Public health directives, rising case counts see move to mandatory vaccine policies in workplaces

Opposition to mandatory vaccination policy grows as new policies roll out
James Fu of BLG; Janine Liberatore of Hunter Liberatore LLP; Wayne MacKay of Dalhousie University Law.

In late August a Toronto police officer sent a letter to the city’s chief of police saying she would not disclose her vaccination status to the Toronto Police Service (TPS) because her medical health is protected by privacy laws.

The TPS had recently implemented a mandatory COVID-19 vaccination requirement for all its members, with a requirement to disclose and provide proof of their vaccination status by Sept. 13.

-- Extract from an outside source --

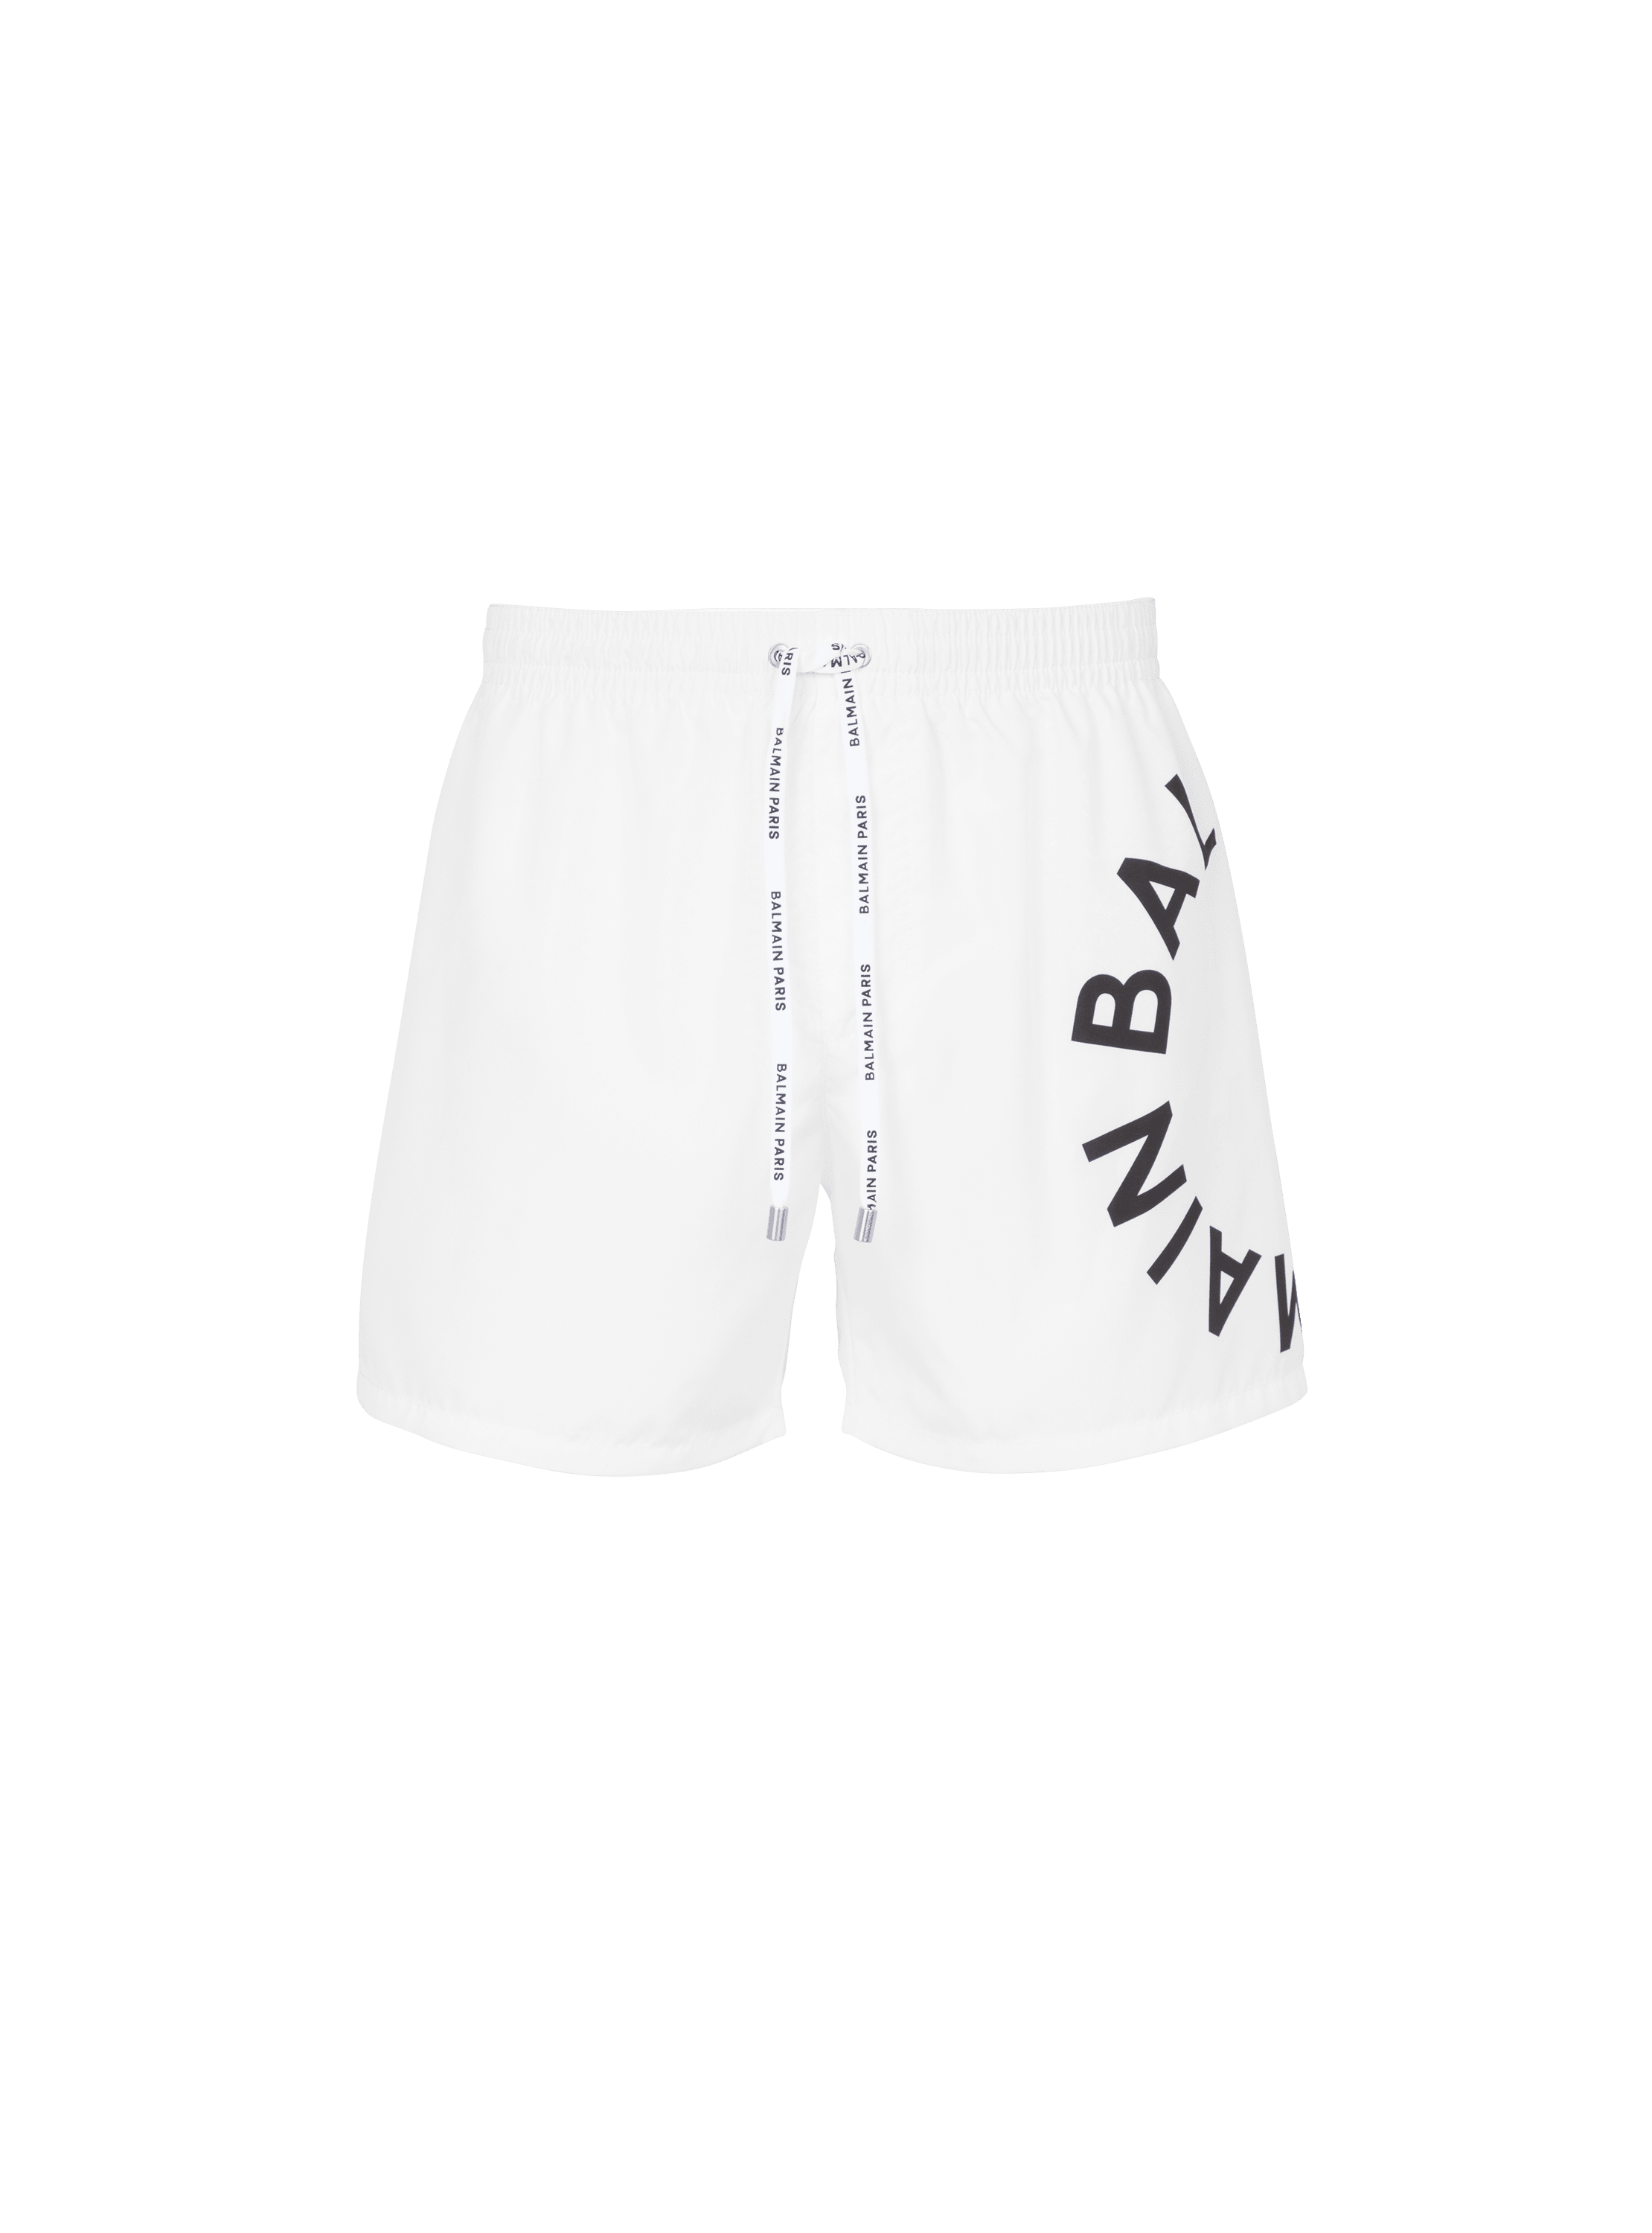 Balmain swim shorts, white, hi-res
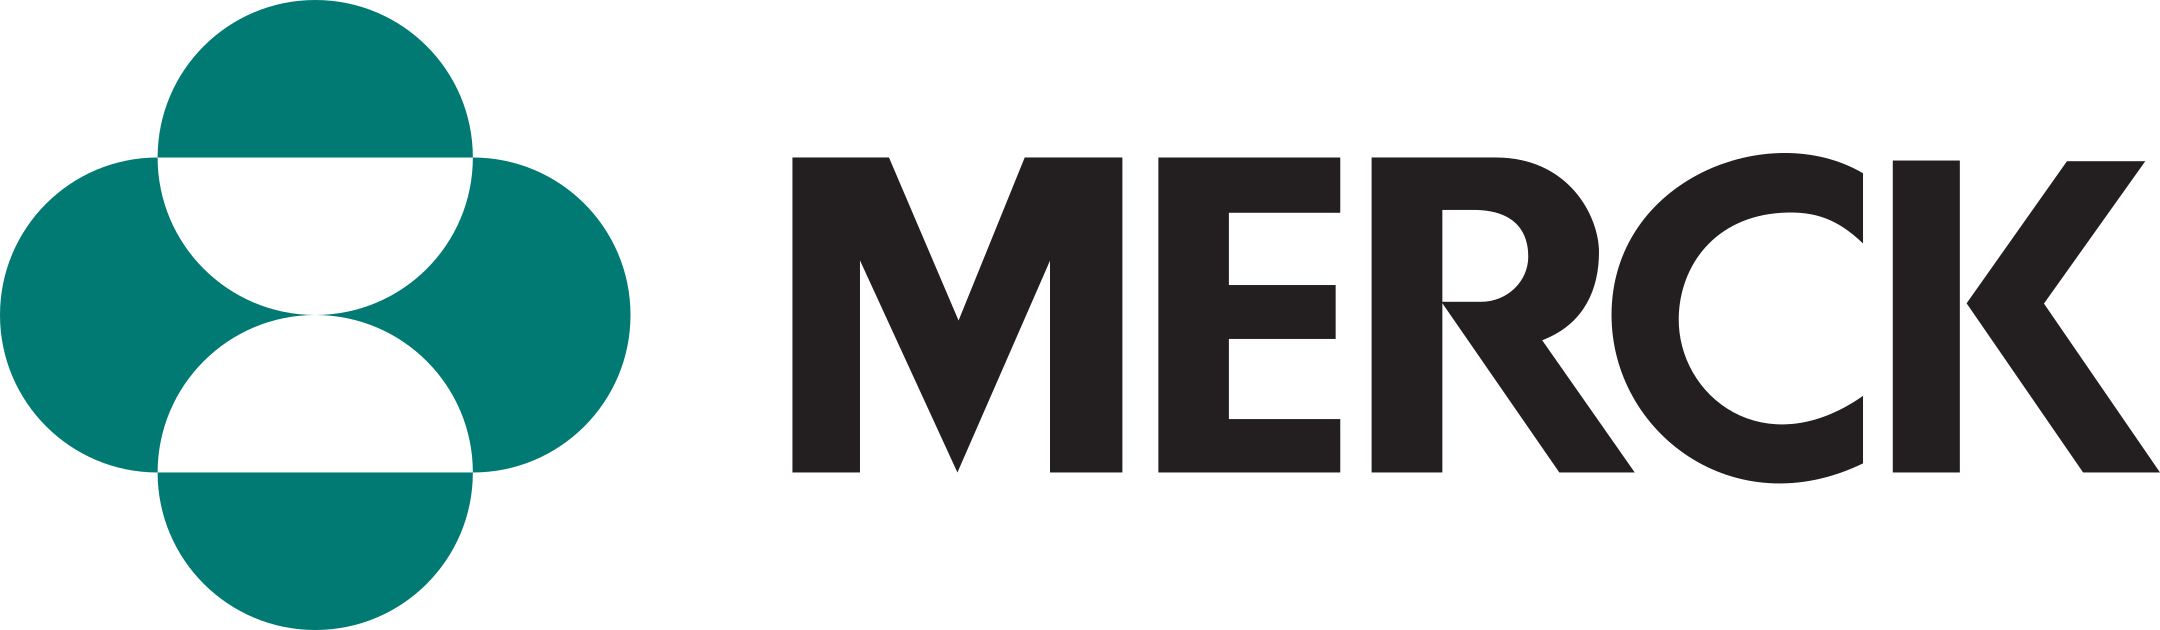 merck logo 1 - Merck Logo

Det. Const. Adrienne Gilvesy complained that, in February, the TPS told its members that they would have “the right to choose,” as in “all medical decisions,” but now that right was being denied.

Gilvesy is being represented by Toronto constitutional lawyer Rocco Galati, who in April also filed a claim against the Ontario government on behalf of Gilvesy and several other Ontario police officers over enforcement of COVID measures.

And her complaint illustrates how quickly mandatory vaccination policies in the workplace are being developed and implemented -- and the pushback to them.

“If we were speaking eight weeks ago, it might have been a different answer about what we’re seeing,” says James Fu, a labour and employment law partner with Borden Ladner Gervais LLP in Toronto. “But I’d say the trend is that more employers are adopting mandatory vaccination policies.”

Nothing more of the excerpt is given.